From a conservative techno-libertarian perspective mates of Joanthan Zittrain have criticized his proposal to start a ‘Manhattan Project’ to save the open Internet as being too centralized (see Adam Thierer). Like most Berkman scholars, Zittrian misses the ability for self-examination and has to operate within the rhetorical limits of American professional optimism (required for scholars that speak at Google headquarters like Zittrain). Within the code of these techno-libertarians is out of the question to criticize US-American companies, in particular when they are ‘cool’ (such as Google and all Web 2.0 firms). It is of course much easier, and in line with the White House, to criticize Iran and China. There is a structural unwillingness to take on the corporate world and this partial blindness results in Zittrain making somewhat naive propositions (even though I share a lot of his concerns). I do not believe in Thierer’s ‘hybridity’ proposal in which the consumer decides what devices and application he or she uses will be open or rather closed. In a way. this market-driven techno-realism already exists. Concerning new ideas Zittrain offers surprisingly little for a professor in Internet Governance. It is in fact amazing that he doesn’t mention ICANN and the domain name drama at all. Not that he needed to go into this rather large and complex field, but the least he could have done is list his own conclusions from the decade-long effort that is precisely trying to do what he demands (but then on the domain name level).

It would be worthwhile to deconstruct Zittrain’s good intentions, not from an evil-conspiratorial level but from the perspective of the NGO critique of organized good intentions and their disastrous consequences. The problem of a radical critique of the Berkman Center policies is that there is hardly any fundamental other position to start from. Even the most subversive, progressive hackers that I know, in the end, subscribe to the Berkman ideology, and are part of the larger liberal-libertarian current. In the end, everyone is against Internet censorship and favors open systems, no? It is hard to break this consensus culture, also from a social perspective, if one doesn’t go for total isolation and retreat into a hopeless maverick status.

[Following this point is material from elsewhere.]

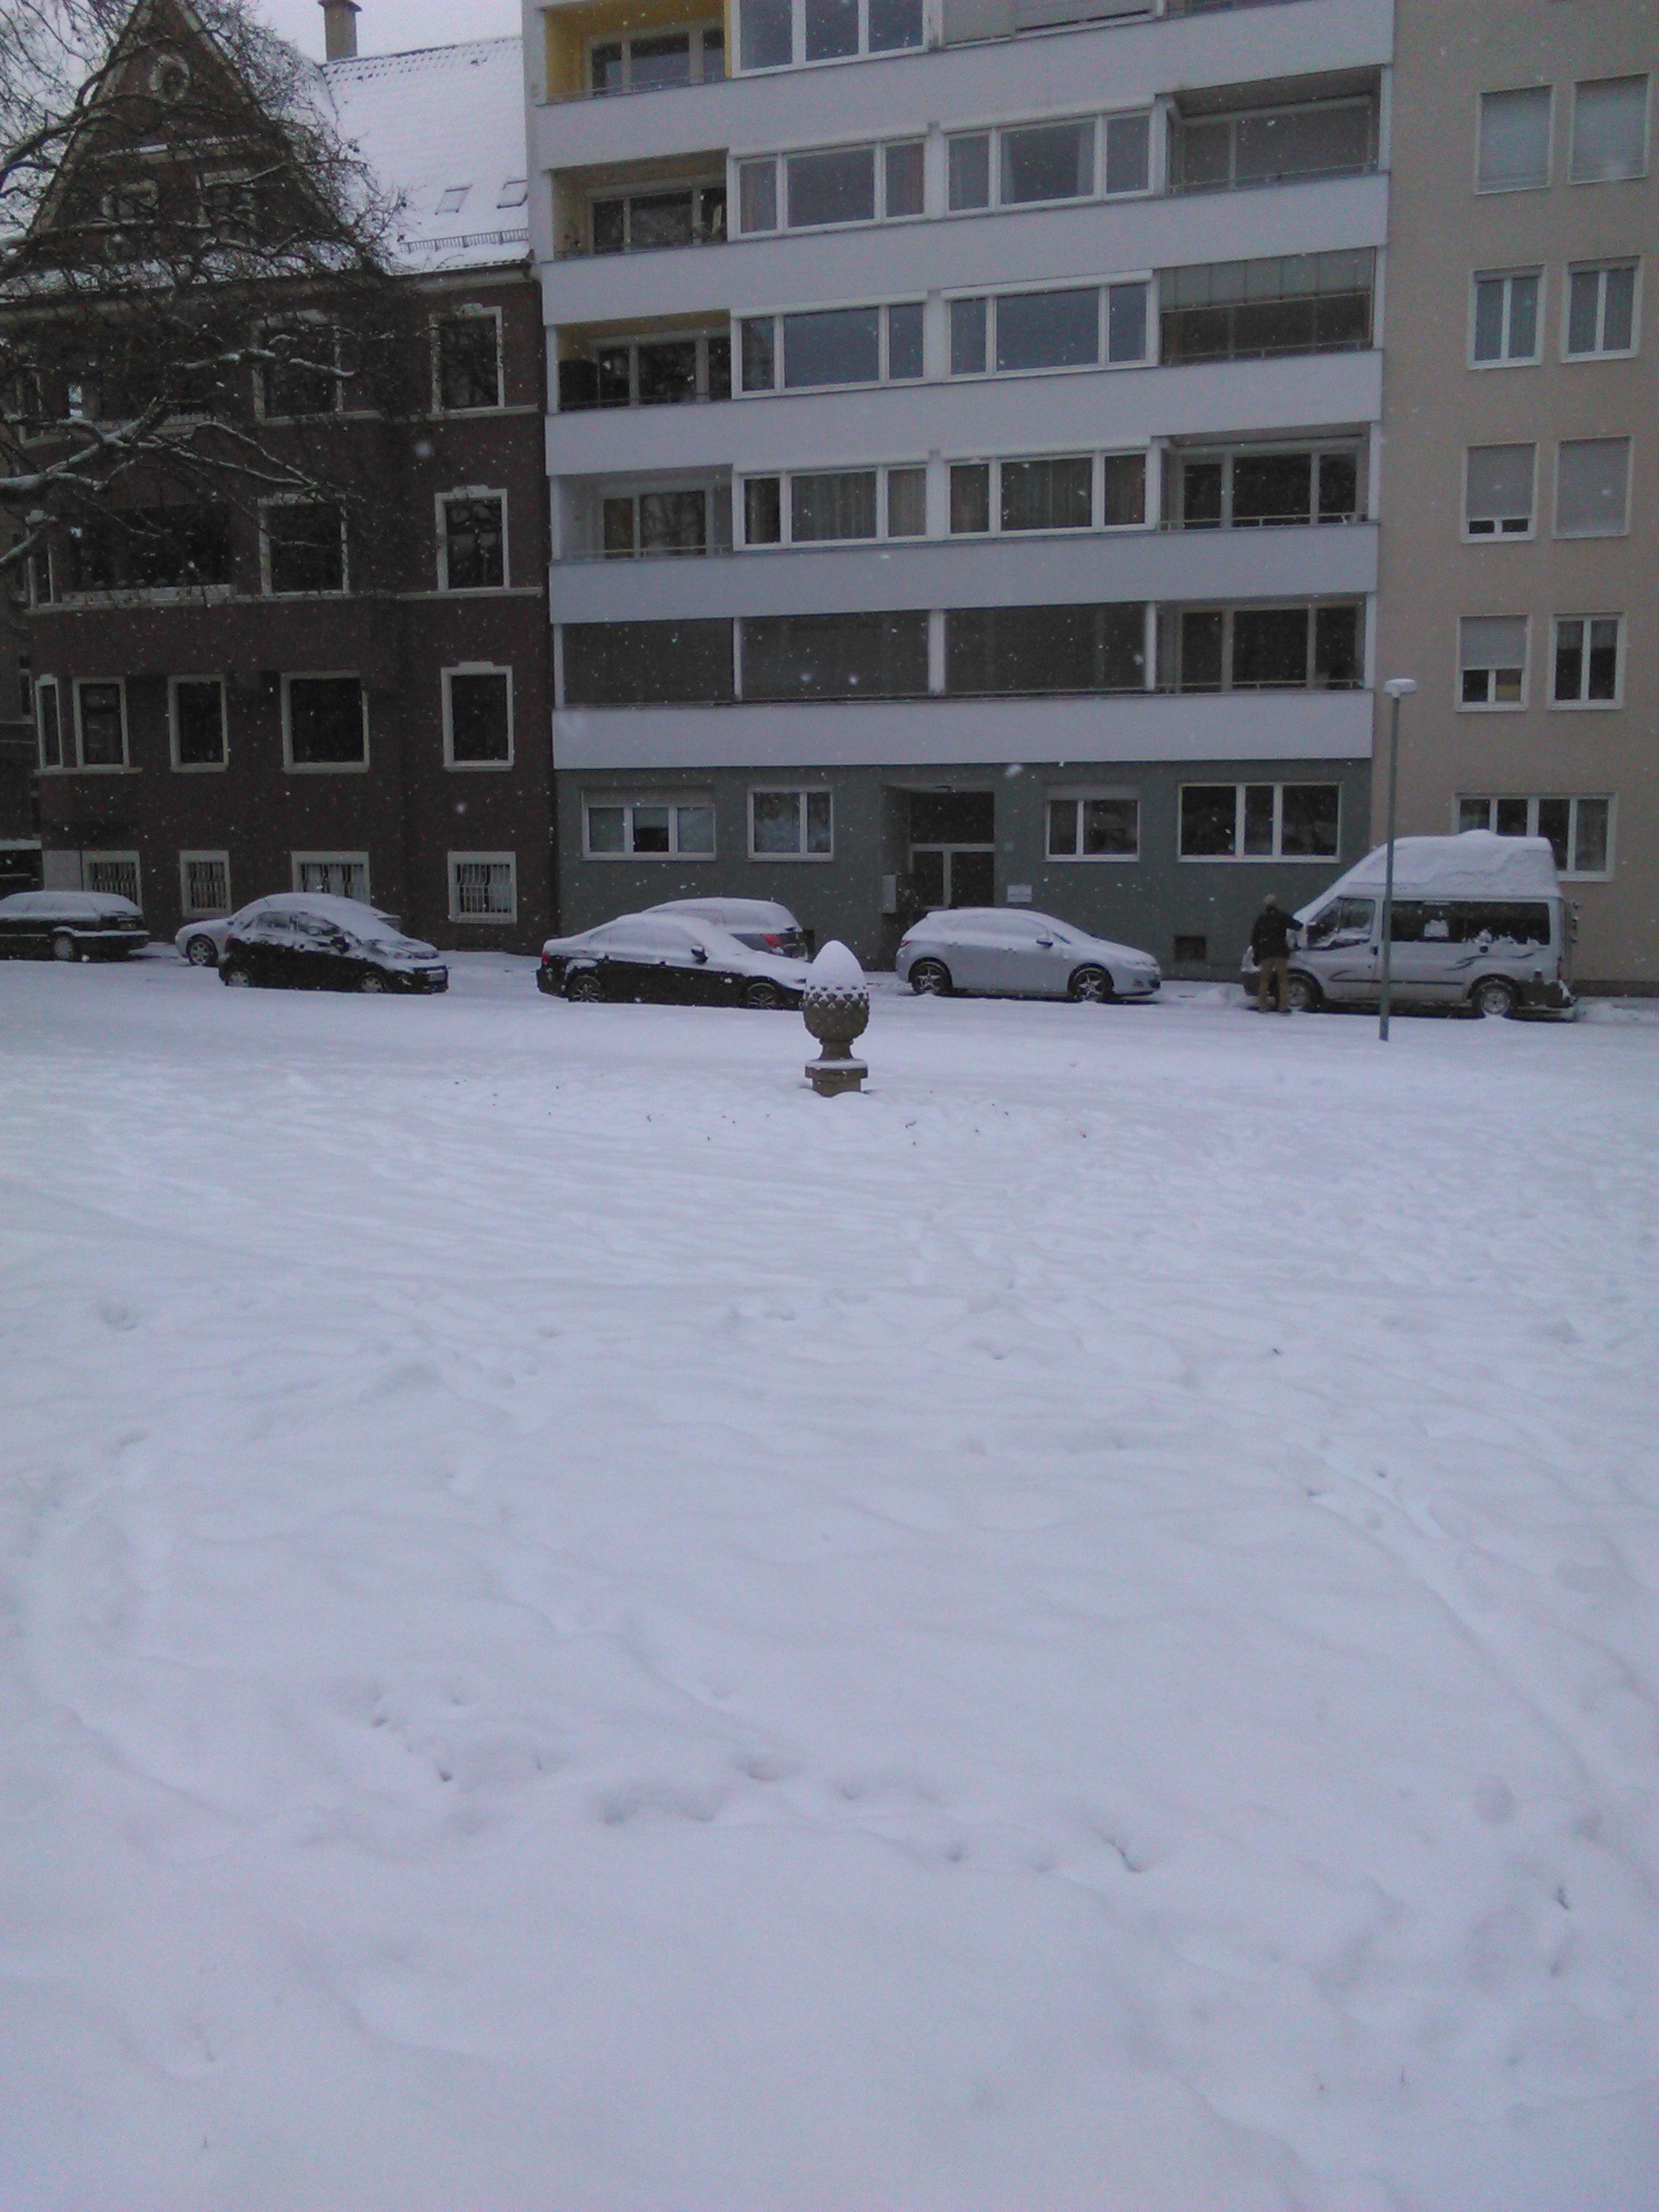 Augsburg im Schnee

The larger problematic here is the lack of counter-hegemonic projects that could function as an alternative to the quasi monopoly of Berkman. It’s unlikely to come from Latin-America. Europe or Asia then? The EU programs in this direction are all technocratic in nature and fail to understand the ideological-discursive importance that drives the development of Internet applications. As so often happens these days,there is no more (head)space for pure, negative criticism. The beginnings of a critique that is formulated here bounces back on the author, posing the question what is to be done on this side of the Atlantic in the form of concrete alternatives. The lack of a comprehensive analysis of techno-libertarianism as the default Internet ideology that rules from San Jose to Berlin, Nairobi and Bangalore is deeply felt here. The main reason why this research project has so far not taken off is the widely felt relunctance amongst (humanities) scholars and public intellectuals in general to take on the Internet as their project. Funding bodies worldwide, categorically refuse to fund fundamental humanities research that, like Zittrain, dares to look into the future. What we are left with are piles of PhDs that are condemned to remain unread as they merely map the impact the Internet on society–projects that are doomed to become history writing. How can we raise, and organize a new generation of technology-aware research that have the guts, and the creativity, to design a comprehensive field of critical concepts that can be implemented into code?  We have to stop understanding the Internet, and start to shape it. That’s the real Zittrain challange.